The attorney driving the story of the Birther Army doctor facing a court martial for refusing orders is a former Republican Hill staffer and current personal injury lawyer who has dabbled in anti-gay activism and reportedly wrote a letter to the FBI tipping off the feds to New York Gov. Eliot Spitzer’s use of prostitutes, months before the scandal publicly broke.
Attorney Paul Rolf Jensen runs a California law firm, Jensen & Associates, that focuses on bread and butter personal injury cases involving dog bites, seatbelt failure, and asbestos exposure.
But, says the GOP operative Roger Stone, a friend and sometimes client of Jensen’s, he should not be underestimated when it comes to the case of Lt. Col. Terrence Lakin.
An Army doctor, Lakin believes President Obama may not be a natural born citizen, and therefore that military orders are invalid. He was charged last week for refusing orders to show up to be deployed for a second tour in Afghanistan.
“Jensen is a bulldog. A true student of the law. A brilliant litigator. Not adverse to high profile cases and high risk legal strategies,” says Stone in an email. He “understand[s] public relations and the damage this case can do to Obama. Won’t be adverse to trying to call Obama for testimony.”
In an appearance with Lakin on the G. Gordon Liddy show last week, one of several media appearances, Jensen hinted that he will try to use discovery to compel Obama to release a birth certificate.

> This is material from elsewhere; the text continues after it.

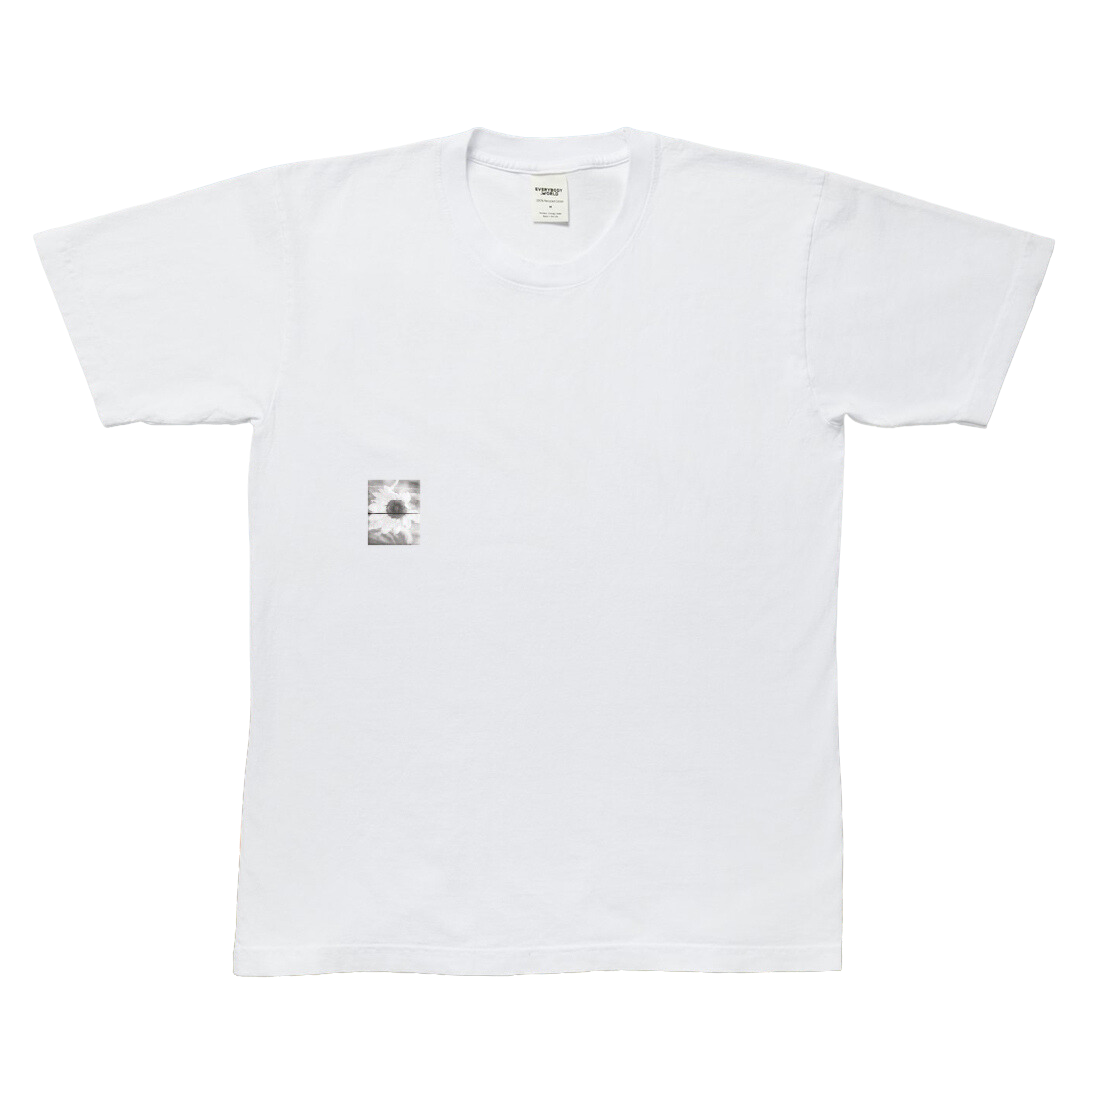 Ben Howard - Collections From The Whiteout: Spiral Tee (White)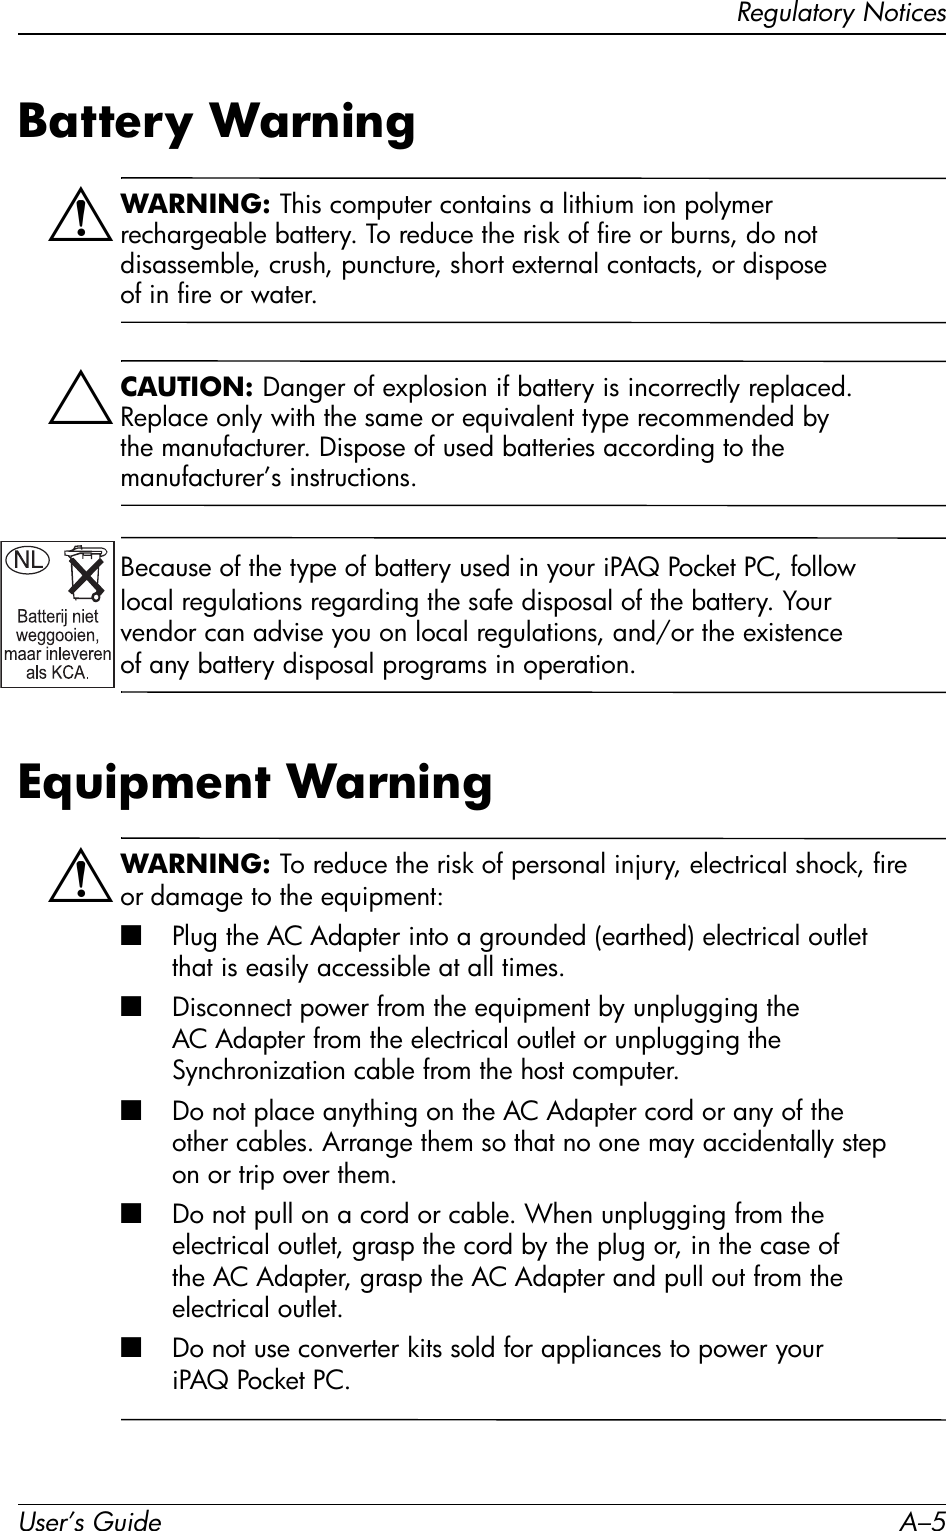 Regulatory NoticesUser’s Guide A–5Battery WarningÅWARNING: This computer contains a lithium ion polymer rechargeable battery. To reduce the risk of fire or burns, do not disassemble, crush, puncture, short external contacts, or dispose of in fire or water. ÄCAUTION: Danger of explosion if battery is incorrectly replaced. Replace only with the same or equivalent type recommended by the manufacturer. Dispose of used batteries according to the manufacturer’s instructions.Because of the type of battery used in your iPAQ Pocket PC, follow local regulations regarding the safe disposal of the battery. Your vendor can advise you on local regulations, and/or the existence of any battery disposal programs in operation.Equipment WarningÅWARNING: To reduce the risk of personal injury, electrical shock, fire or damage to the equipment:■Plug the AC Adapter into a grounded (earthed) electrical outlet that is easily accessible at all times.■Disconnect power from the equipment by unplugging the AC Adapter from the electrical outlet or unplugging the Synchronization cable from the host computer.■Do not place anything on the AC Adapter cord or any of the other cables. Arrange them so that no one may accidentally step on or trip over them.■Do not pull on a cord or cable. When unplugging from the electrical outlet, grasp the cord by the plug or, in the case of the AC Adapter, grasp the AC Adapter and pull out from the electrical outlet.■Do not use converter kits sold for appliances to power your iPAQ Pocket PC.

Not unlike Birther attorney par excellence Orly Taitz, Jensen appears to be using the case to boost his personal profile. A new website, www.paulrolfjensen.com, trumpets his role assisting Lakin, separate from his California firm (www.personalinjuryattorneylaw.com).
Jensen did not respond to our request for comment, but his background seems to be in line with Lakin spokeswoman Margaret Hemenway, a former staffer for Sen. Bob Smith (R-NH) who now leads the American Patriot Foundation, which is raising money to pay Lakin’s legal fees.
Jensen, too, is a former Smith staffer, and he also worked for Sen. Jeremiah Denton (R-AL) and as counsel for the Senate Committee on Environment and Public Works in the early 2000s, according to his bio.
Also like Hemenway, who once filed a complaint against her daughter’s first grade teacher because the teacher announced she is a lesbian, Jensen has been involved in anti-gay activism.
Jensen had filed “25 charges of heresy” against other Presbyterians around the country, CNN reported in 2004. The complaints included cases in which pastors officiated over same-sex unions, ordained gay elders, or were themselves gay.
“I am called to action within the Presbyterian church to fight back against those who have made war and would destroy our church,” he told CNN.
Jensen has also sued Judicial Watch Larry Klayman for slander (after briefly working on Klayman’s ill-fated Florida Senate run in 2004). And he had a bit role in the scandal that brought down New York Gov. Eliot Spitzer.
“It was Jensen who advised me to let the FBI know of Eliot Spitzer black sock fetish as a way of proving Spitzer’s use of prostitutes,” says Stone. The New York Post reported that Jensen who penned a November 2007 letter to the FBI in which Stone said Spitzer “used the service of high-priced call girls.”
In the Lakin case, though, Jensen faces an uphill fight. Fox News quoted military lawyers saying that the plan to get Obama’s birth certificate will probably fail — and one observed that Jensen has very little experience in military law.
For his work, though, he will be handsomely paid. The American Patriot Foundation estimates in a new fundraising pitch that Lakin’s legal bills will top $500,000.